Совьетика
Шрифт:
– Смотрите, ребята, не заразитесь от Марлона!- предупредил он нас, укачивая малютку на почтительном от нас расстоянии. Я заверила его, что он может быть спокоен: ветрянкой я переболела еще в первом классе!
Я окунулась в совершенно новую для меня культуру: в доме весь день звучали непривычные для моего уха сальса и меренге, вкусно пахло фаршем, тушеным с черносливом и подливкой из ворстерского соуса , а жильцы ходили по комнатам, пританцовывая. Папиаменто оказался мелодичным языком, похожим на испанский.
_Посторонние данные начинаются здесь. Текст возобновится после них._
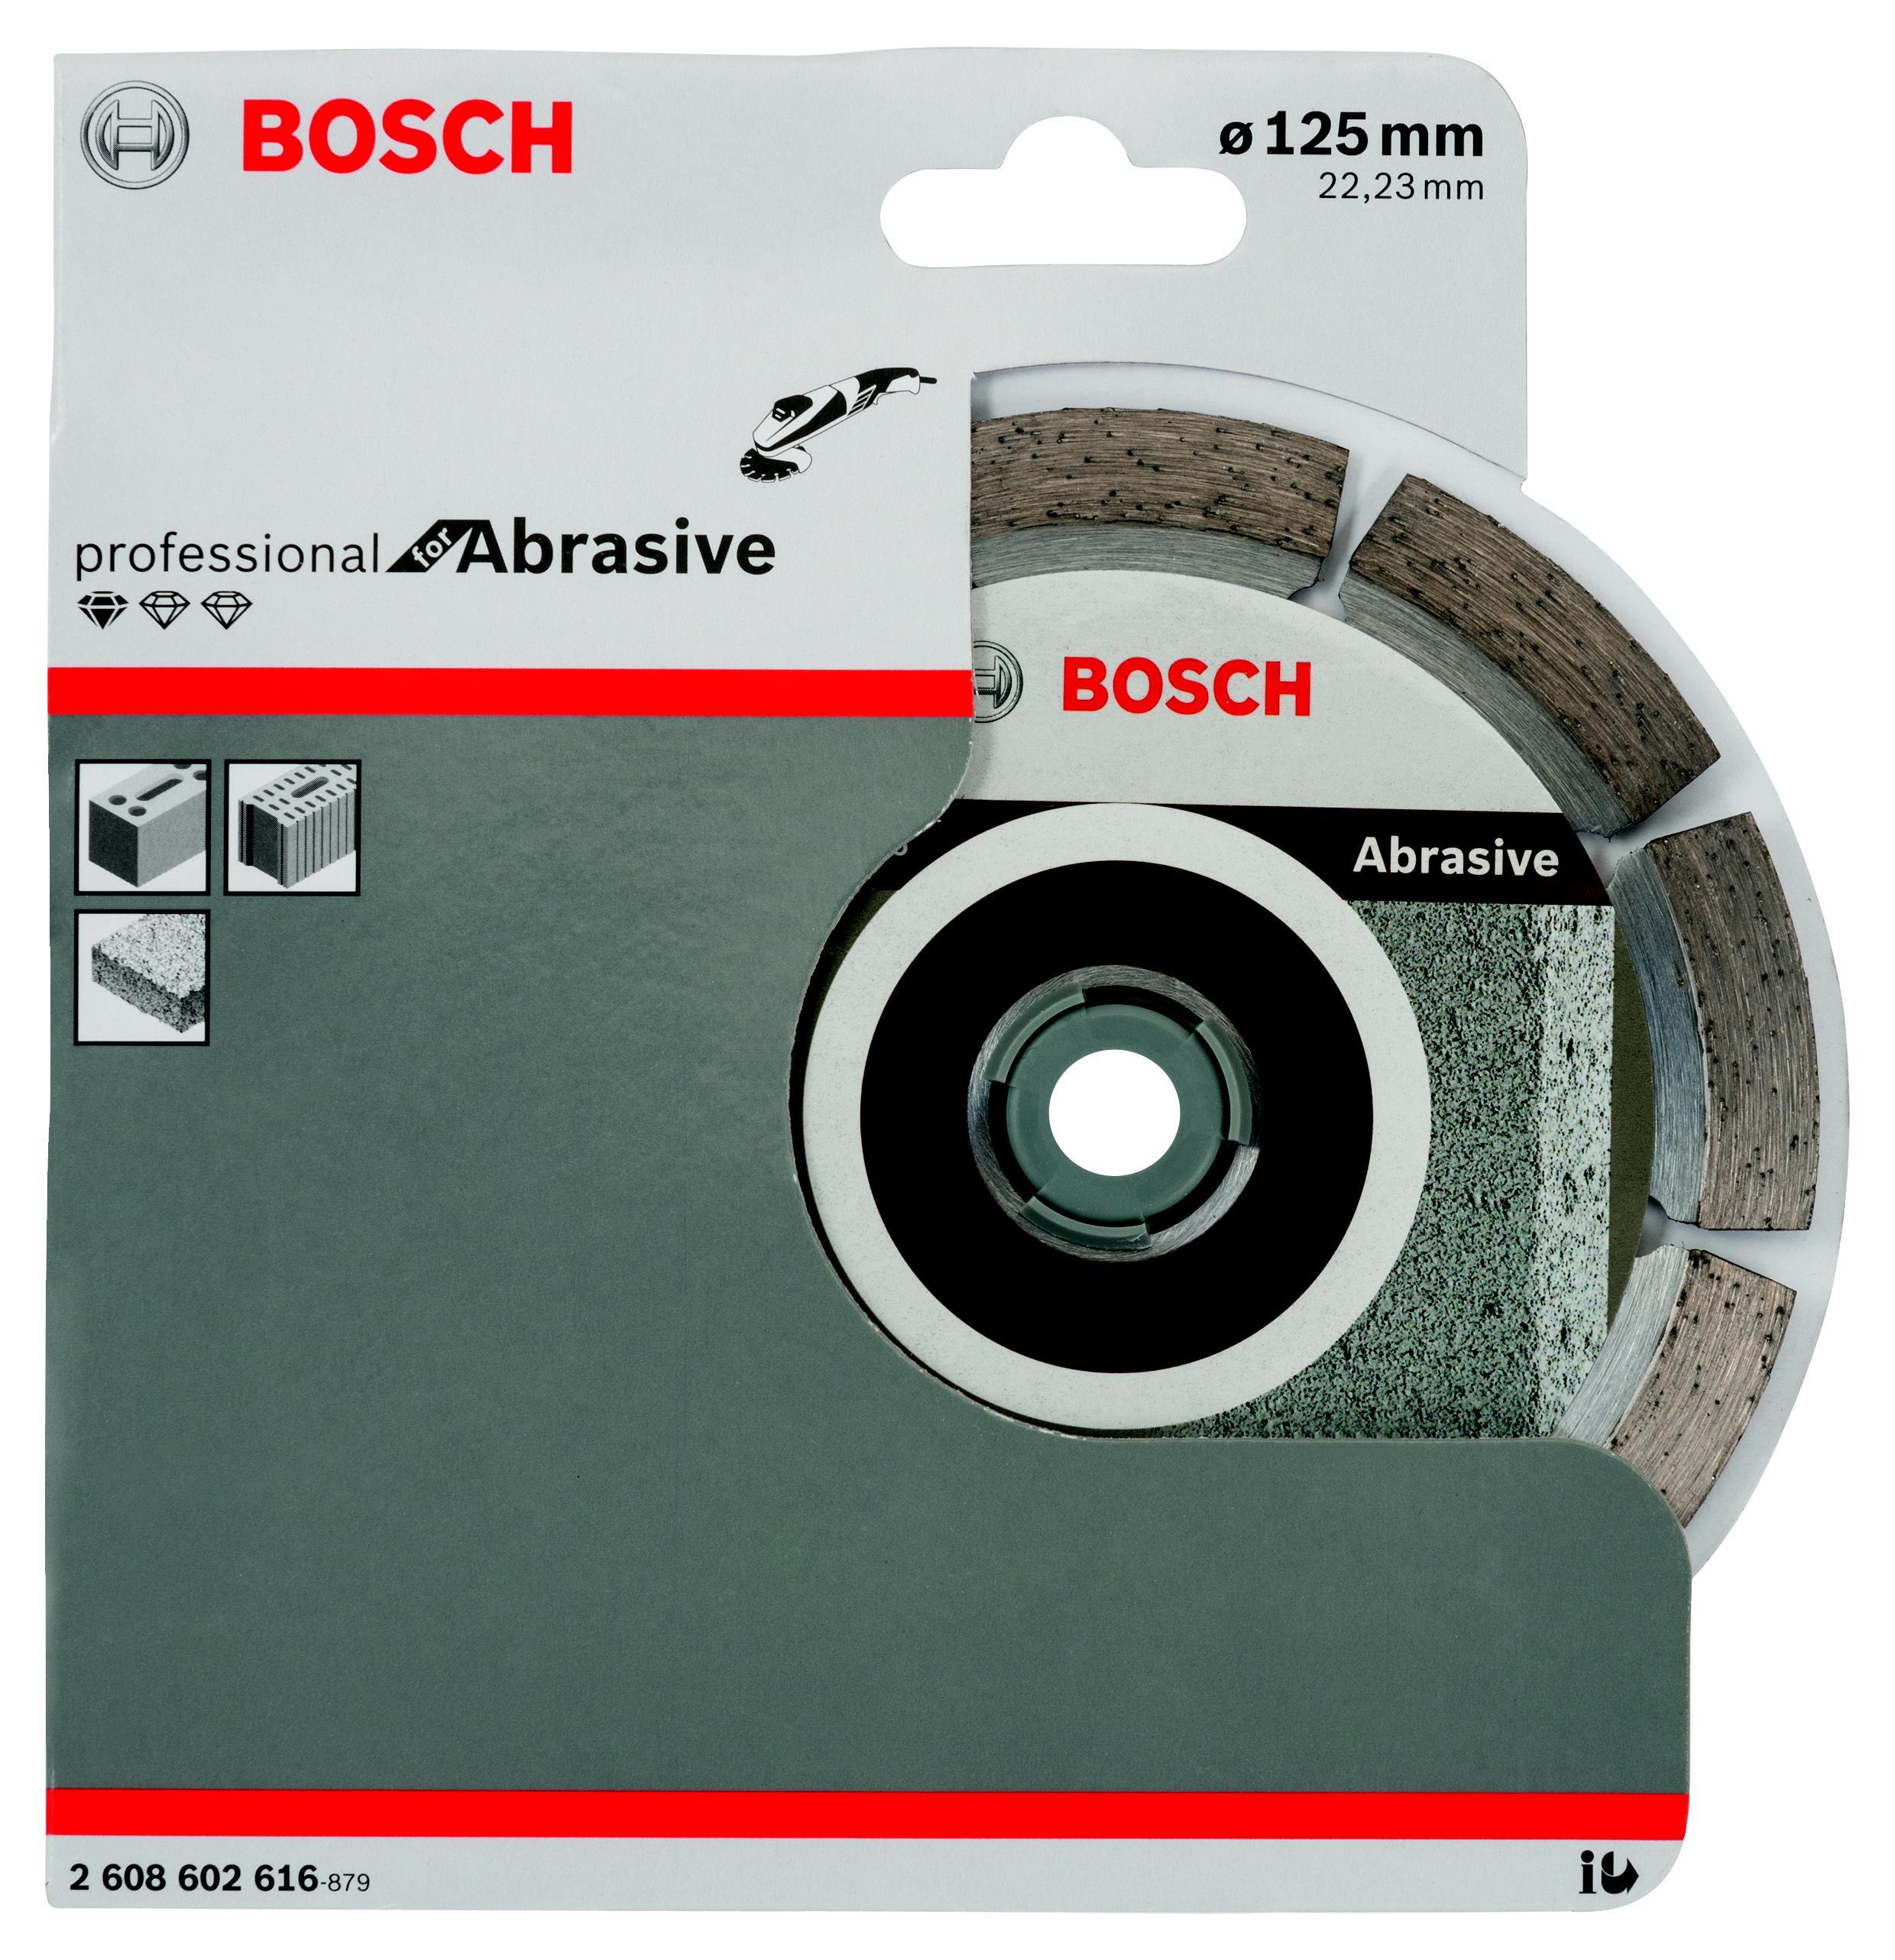 Круг алмазный Bosch Standard for abrasive 125x22 сегмент (2.608.602.616) круг алмазный bosch best for concrete 125x22 сегмент 2 608 602 652

Сонни и я оба были смущены ситуацией и нахлынувшими на нас чувствами. Но это было приятное смущение. Следущие несколько дней мы, пожалуй, были самыми счастливыми людьми на свете!
Сейчас, глядя на наши отношения с высоты
Сонни искал просто симпатичную темноволосую белую девушку, воспитанную в традиционных ценноостях, я – чернокожего революционера. Оба вообразили себе, что наконец-то нашли того, кого искали. Вот так мы и оказались вместе… На самом же деле – он вовсе не был революционером, а мои традиционные ценности хотя и были ближе к его, чем к голландским, все-таки существенно отличались от них. А еще – теперь я хорошо понимаю, что мы оба были и просто слишком молоды для удачного брака. В молодости человеку свойствен не только максимализм в его оценках и ожиданиях, но и острые приступы отчаяния, если жизнь – или другой человек, на которого он решил в этой жизни положиться – не совпадает с его ожиданиями и надеждами. Без умения прислушиваться к другому и кое в чем иногда ему уступать (но если такие уступки становятся постоянными и односторонними – хотя бы даже с целью сохранения мира в семье -, такой брак обречен тоже…).
Но мы были юны, верили в чудеса и в любовь до гроба, и сам черт был нам не страшен! За те несколько дней, что мы провели вместе в Роттердаме, я окончательно в него влюбилась.
Через пару дней мы решили, что пора и честь знать, попрощались с гостеприимными хозяевами (в отличие от голландцев, они не рылись в наших сумках в наше отсутствие!) и поехали к Сонни в Энсхеде. У меня скоро кончалась виза, и надо было решать, что же делать дальше. У Сонни на носу были экзамены.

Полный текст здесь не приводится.